Bjarne Melgaard
Born 1967 in Sydney, Australia
Lives and Works in New York, NY
Bjarne Melgaard’s 2014 Biennial installation presents a funhouse atmosphere charged with sex, violence and societal ruin.
Melgaard intends for his installation to communicate the effects of what some scientists call the Anthropocene, a new geological age created by human activity, especially through global warming. He proposes that our collective psyches have been abused and damaged in much the same way the environment has, resulting in sadism and an utter disregard for humanity.
Projected on the wall are videos and images that Melgaard sourced from the so-called “deep web,” a portion of the Internet that must be hacked rather than simply searched. Melgaard treats the deep web as a kind of depraved societal unconscious, from which he surfaces nightmarish video shot from real life, featuring, cult behavior, torture, genocidal attacks, scenes of mass suicide, war and terrorism, including footage of the bombings at last year’s Boston Marathon.

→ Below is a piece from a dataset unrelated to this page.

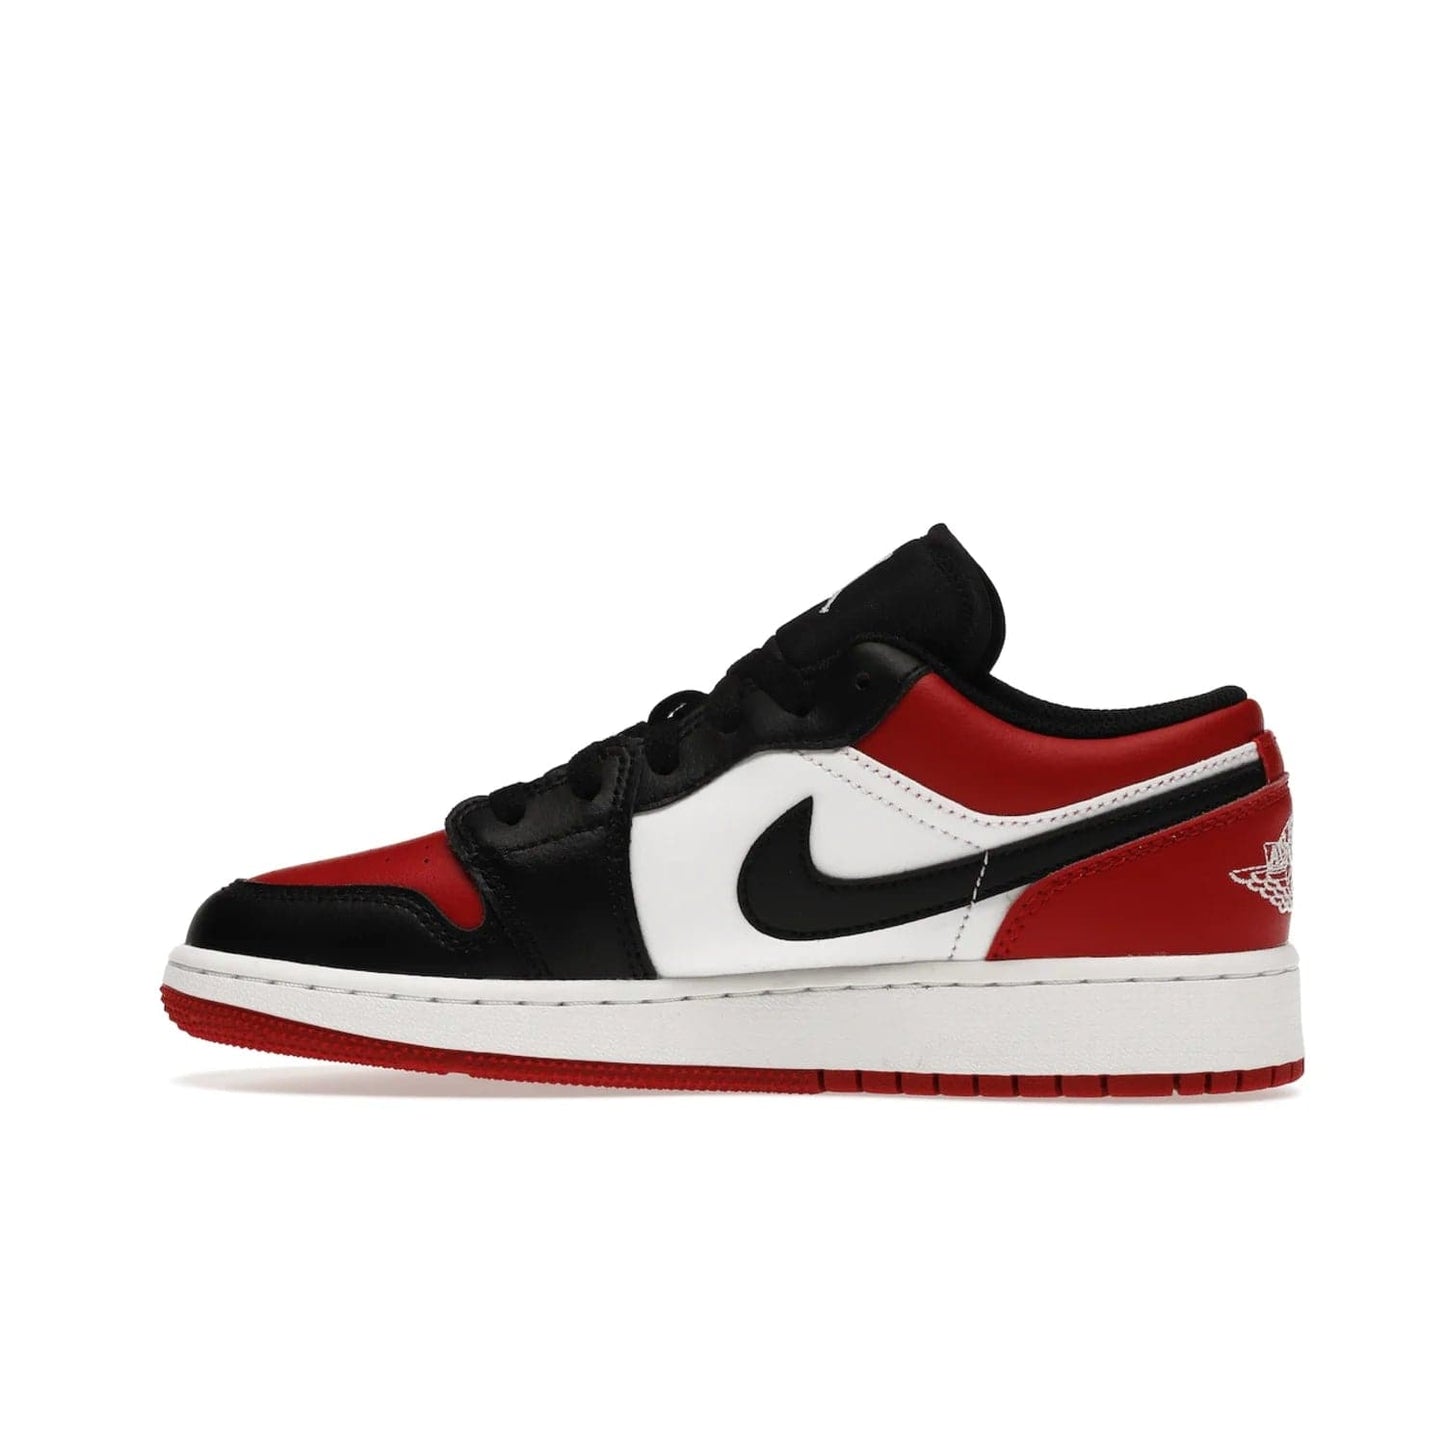 Jordan 1 Low Bred Toe (GS) - Image 20 - Only at www.BallersClubKickz.com - #
Iconic sneaker from Jordan brand with classic colorway, unique detailing & Air Jordan Wings logo. Step into the shoes of the greats with the Jordan 1 Low Bred Toe GS!

Melgaard has explained that the installation responds in part to Claude Prosper Jolyot de Crébillon’s 1742 satire, The Sofa: A Moral Tale, a French libertine novel. This tradition of transgressive erotic literature is taken up in the work of the young contemporary writer Travis Jeppesen, who was also a point of reference for Melgaard and whose sound installation is presented in the same room.
Overall, the installation reflects back the dystopian image streams that we ordinarily choose to ignore, forcing us to confront what Melgaard sees are the symptoms of civilization’s decay.